> _Activity_
When you reach the line containing "Heup eten Snel", start transcribing exactly and continue through the last line of the data, skipping every picture.

> _Stored data_

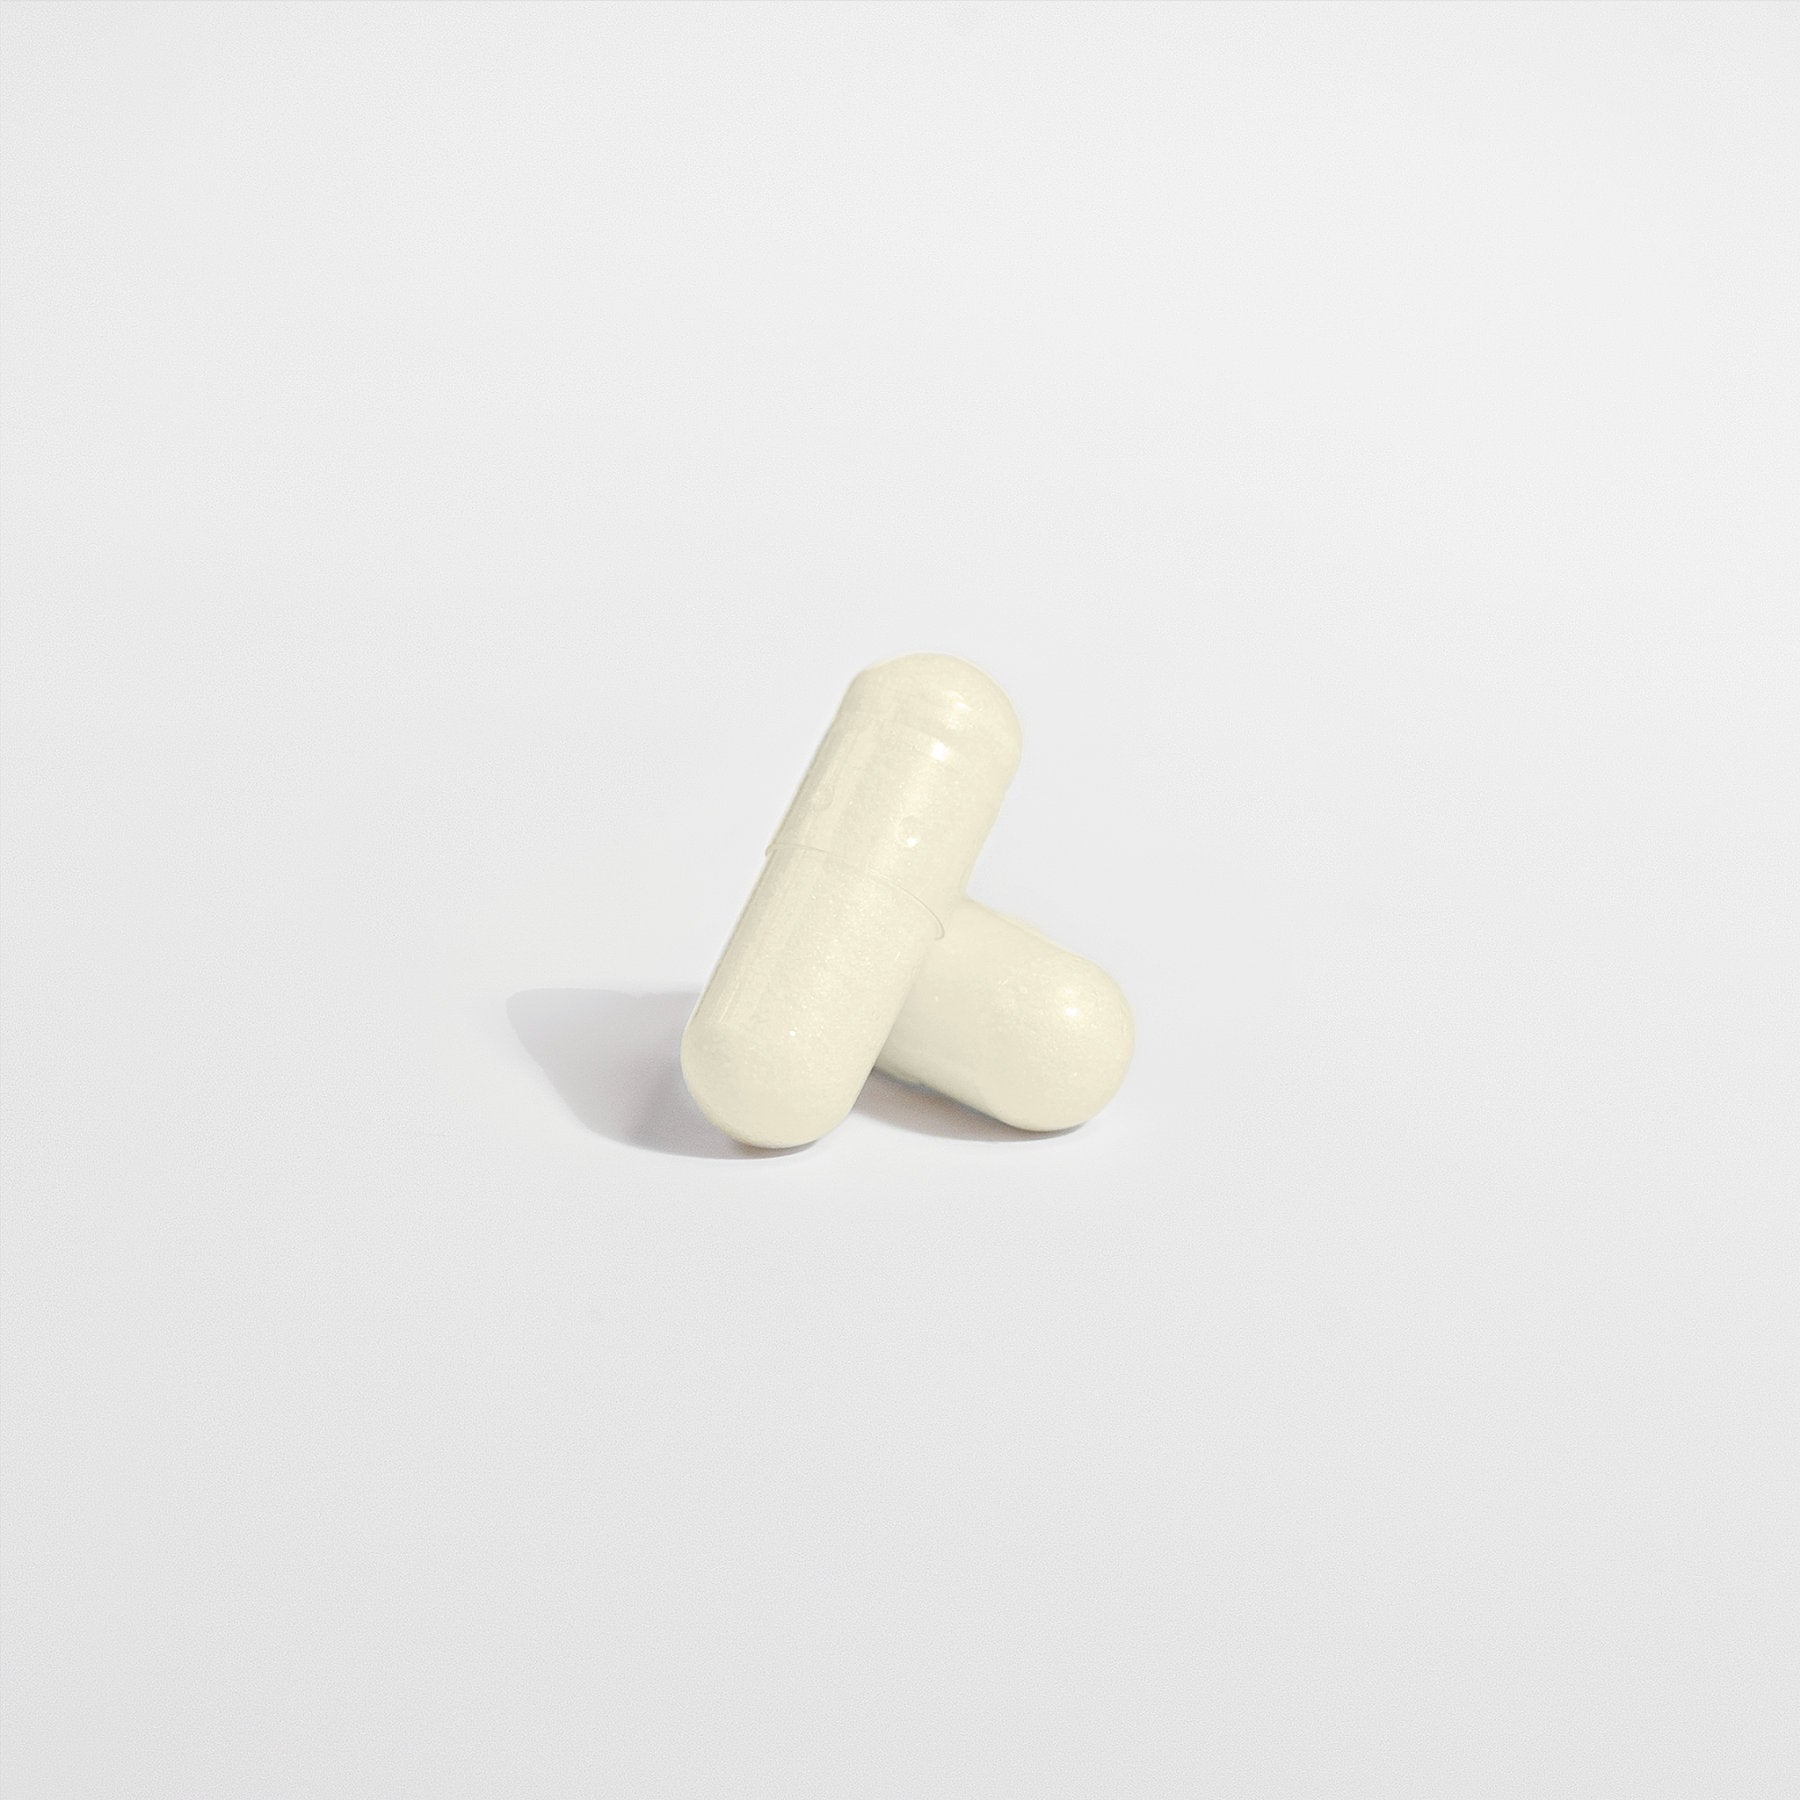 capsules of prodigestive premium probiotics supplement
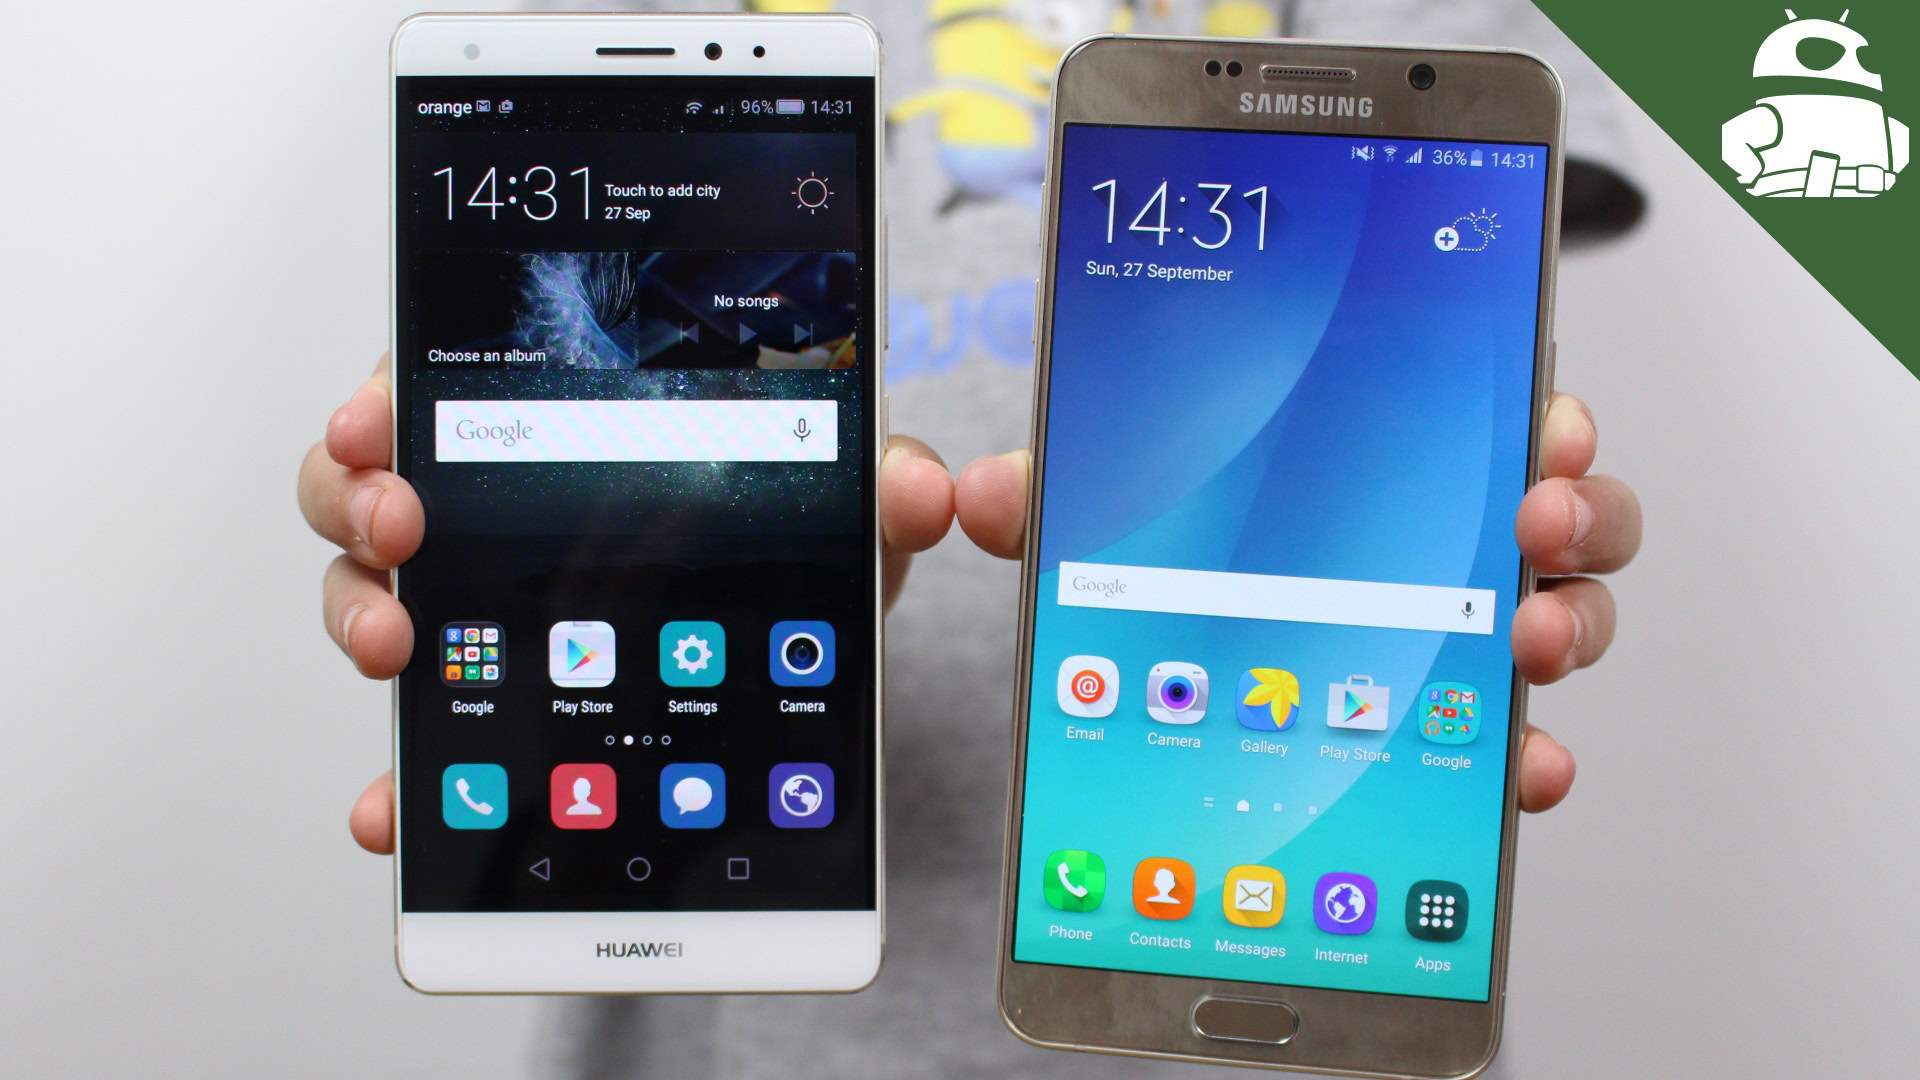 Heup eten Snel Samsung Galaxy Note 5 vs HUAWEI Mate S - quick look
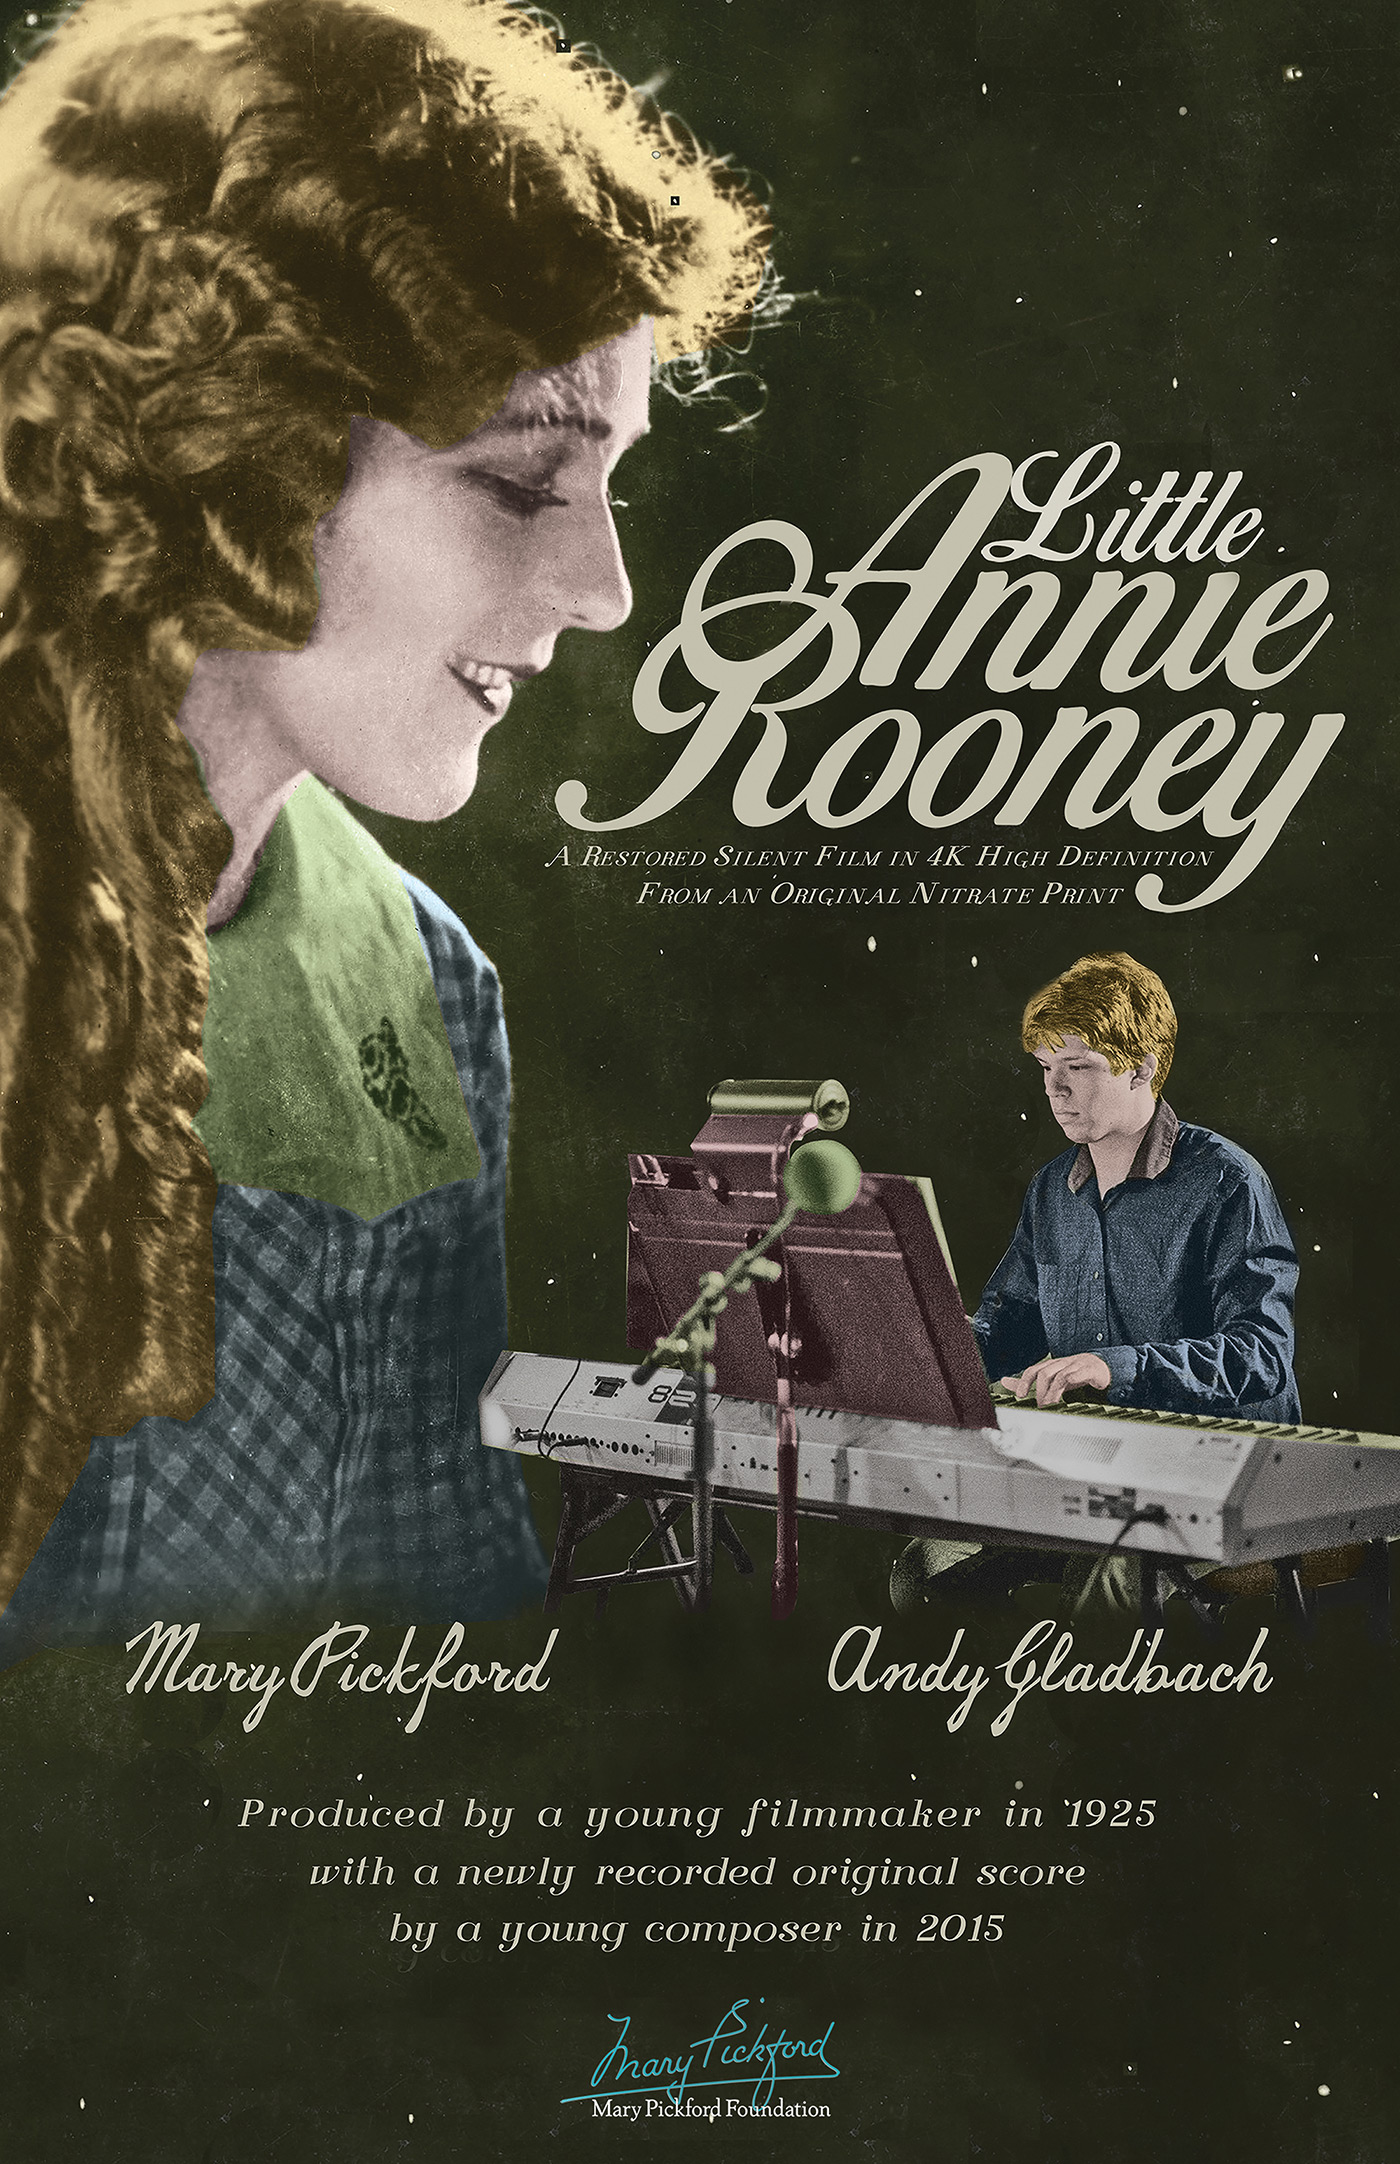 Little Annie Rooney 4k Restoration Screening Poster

> _Solution_
 Heup eten Snel Samsung Galaxy Note 5 vs HUAWEI Mate S - quick look
 Little Annie Rooney 4k Restoration Screening Poster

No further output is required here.